Detects segfaults, parses the syslog related to the segfault, and shows which process segfaulted in conjunction with which shared object file crashed and some additional information regarding the crash.

FROM logs-system.syslog*
| WHERE host.os.type == "linux" and process.name == "kernel" and message like "*segfault*"
| WHERE @timestamp > NOW() - 12 hour
| GROK message "\\[%{DATA:timestamp}\\] %{WORD:process}\\[%{NUMBER:pid}\\]: segfault at %{BASE16NUM:segfault_address} ip %{BASE16NUM:instruction_pointer} sp %{BASE16NUM:stack_pointer} error %{NUMBER:error_code} in %{DATA:so_name}\\[%{BASE16NUM:so_base_address}\\+%{BASE16NUM:so_offset}\\] likely on CPU %{NUMBER:cpu} \\(core %{NUMBER:core}, socket %{NUMBER:socket}\\)"
| EVAL timestamp = REPLACE(timestamp, "\\s+", "")
| KEEP timestamp, process, pid, segfault_address, instruction_pointer, stack_pointer, error_code, so_name, so_base_address, so_offset, cpu, core, socket
| STATS process_count = COUNT(process), so_count = COUNT(so_name) by process, so_name
// Alter this threshold to make sense for your environment 
| WHERE process_count > 100
| LIMIT 10

Syslog doesn't log all the same every time, sometimes it adds prepending spaces. We can use EVAL to remove those
Using GROK and STATS, we can count occurences of segfaults within a plain text message field, potentially detecting buffer overflow attacks
We can detect unsuccessful process injection attempts

Ruben Groenewoud · Answer 10 · Thu Mar 21 2024 23:37:25 GMT+0800 (China Standard Time)

Persistence via Cron

FROM logs-endpoint.events.file-*
| WHERE @timestamp > NOW() - 7 day
| WHERE host.os.type == "linux" and event.type in ("creation", "change") and (file.path in ("/usr/sbin/cron", "/usr/sbin/anacron") or file.path like "/etc/cron*")
| EVAL persistence = CASE(
    file.path in ("/usr/sbin/cron", "/usr/sbin/anacron") or
    file.path like "/etc/cron*",
    process.name,
    null
)
| STATS cc = COUNT(*), pers_count = COUNT(persistence), agent_count = COUNT(agent.id) by process.executable
| WHERE pers_count > 0 and pers_count <= 3 and agent_count <= 3
| SORT cc asc
| LIMIT 100

Ruben Groenewoud · Answer 11 · Thu Mar 21 2024 23:43:12 GMT+0800 (China Standard Time)
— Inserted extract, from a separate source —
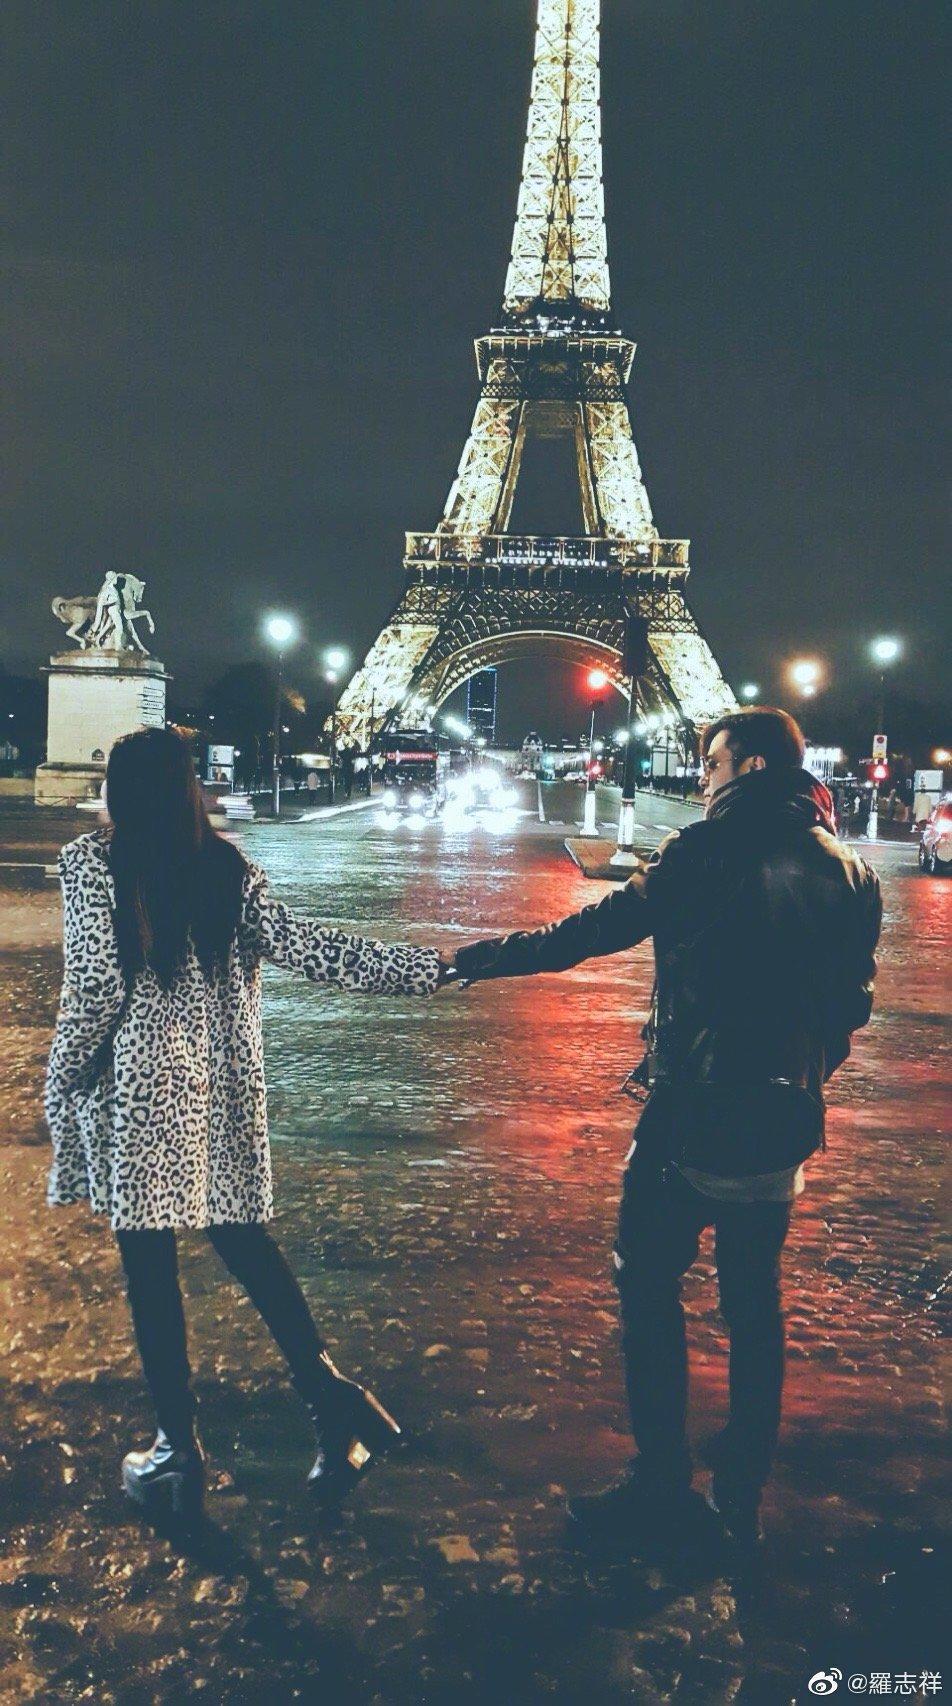 巴黎鐵塔前的照片,是當初2人交往時,沒有發布的合照,但羅志祥選在520當天發布了。(翻攝自羅志祥微博)
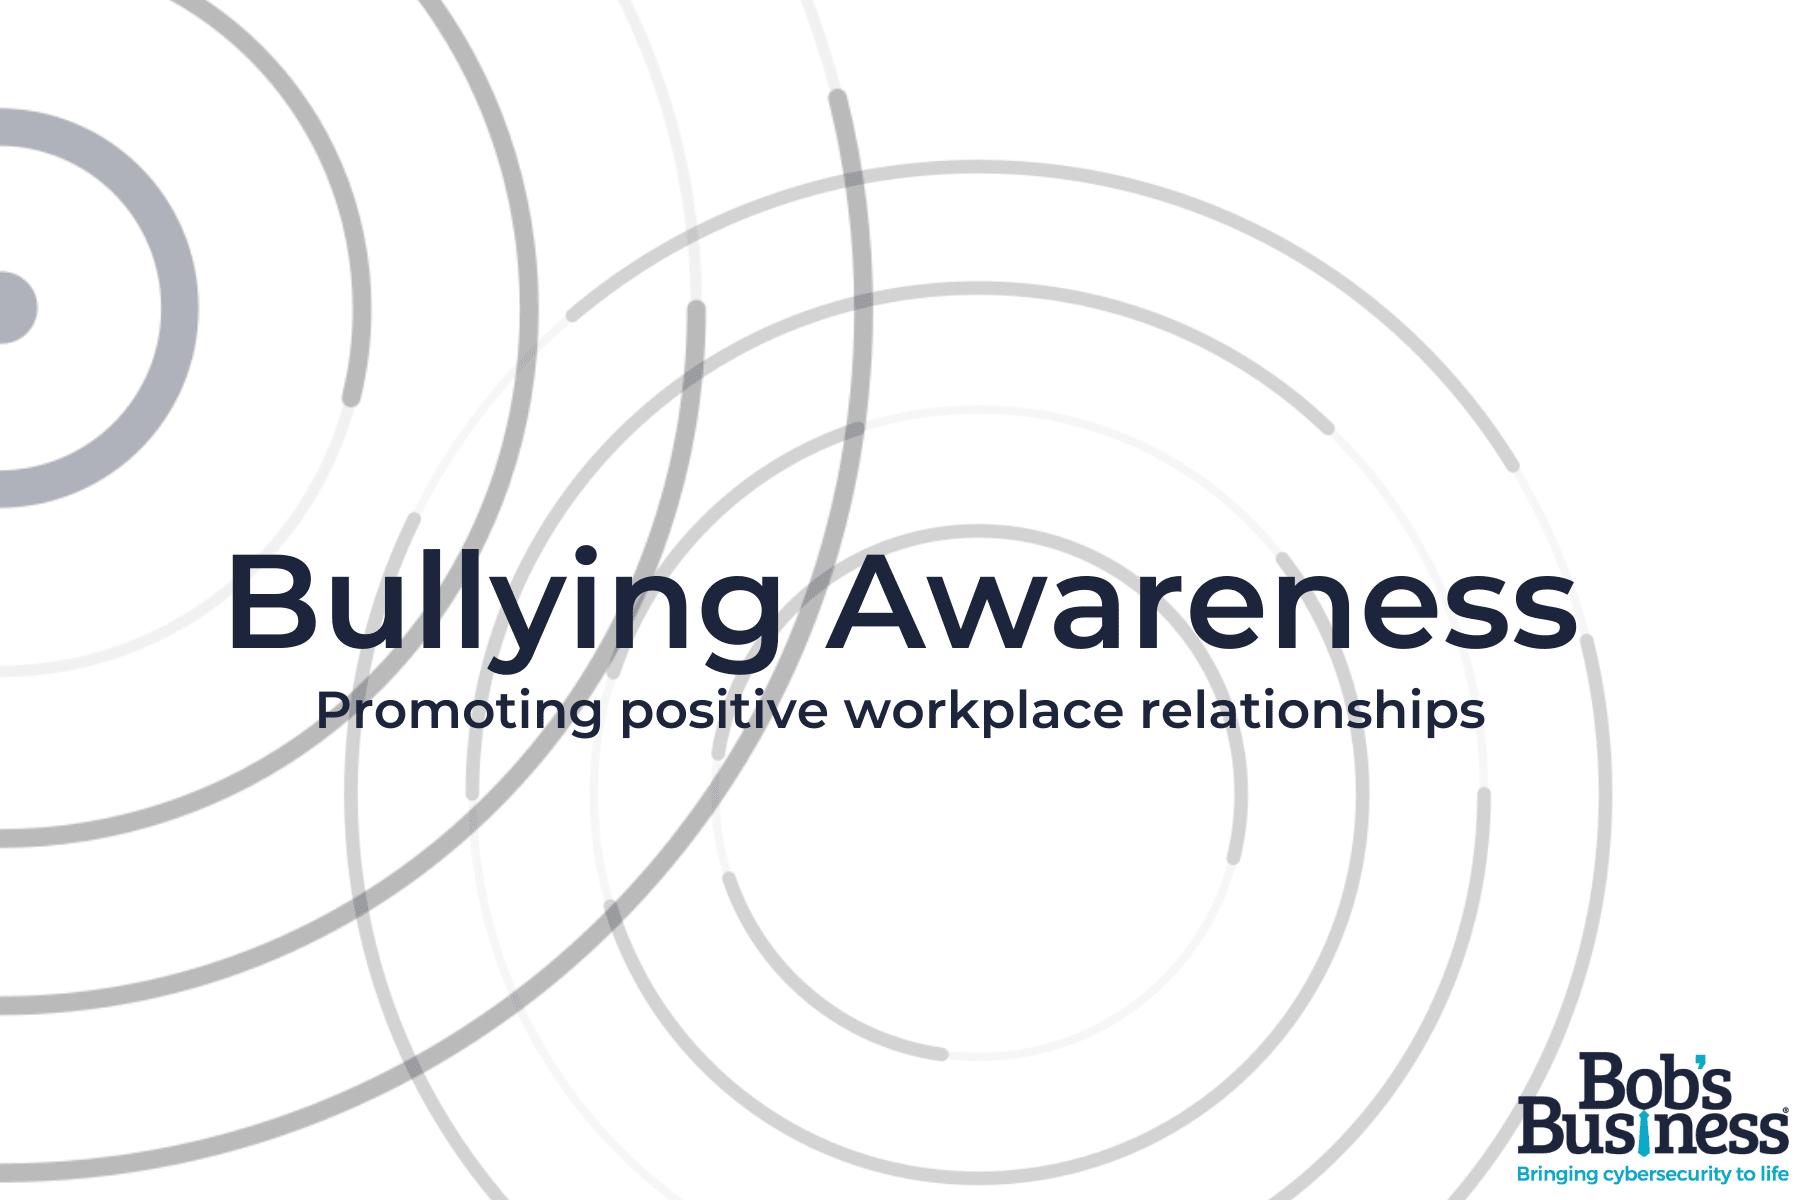 Bullying Awareness

Persistence via Systemd (timers)

FROM logs-endpoint.events.file-*
| WHERE @timestamp > NOW() - 7 day
| WHERE host.os.type == "linux" and event.type in ("creation", "change") and (
    file.path like "/etc/systemd/system/*" or
    file.path like "/usr/local/lib/systemd/system/*" or 
    file.path like "/lib/systemd/system/*" or 
    file.path like "/usr/lib/systemd/system/*" or 
    file.path like "/home/*/.config/systemd/user/*"
)
| EVAL persistence = CASE(
    file.path like "/etc/systemd/system/*" or
    file.path like "/usr/local/lib/systemd/system/*" or 
    file.path like "/lib/systemd/system/*" or 
    file.path like "/usr/lib/systemd/system/*" or 
    file.path like "/home/*/.config/systemd/user/*",
    process.name,
    null
)
| STATS cc = COUNT(*), systemd_pers_count = COUNT(persistence), agent_count = COUNT(agent.id) by process.executable
| WHERE systemd_pers_count > 0 and systemd_pers_count <= 3 and agent_count <= 3
| SORT cc asc
| LIMIT 100

Ruben Groenewoud · Answer 12 · Thu Mar 21 2024 23:47:39 GMT+0800 (China Standard Time)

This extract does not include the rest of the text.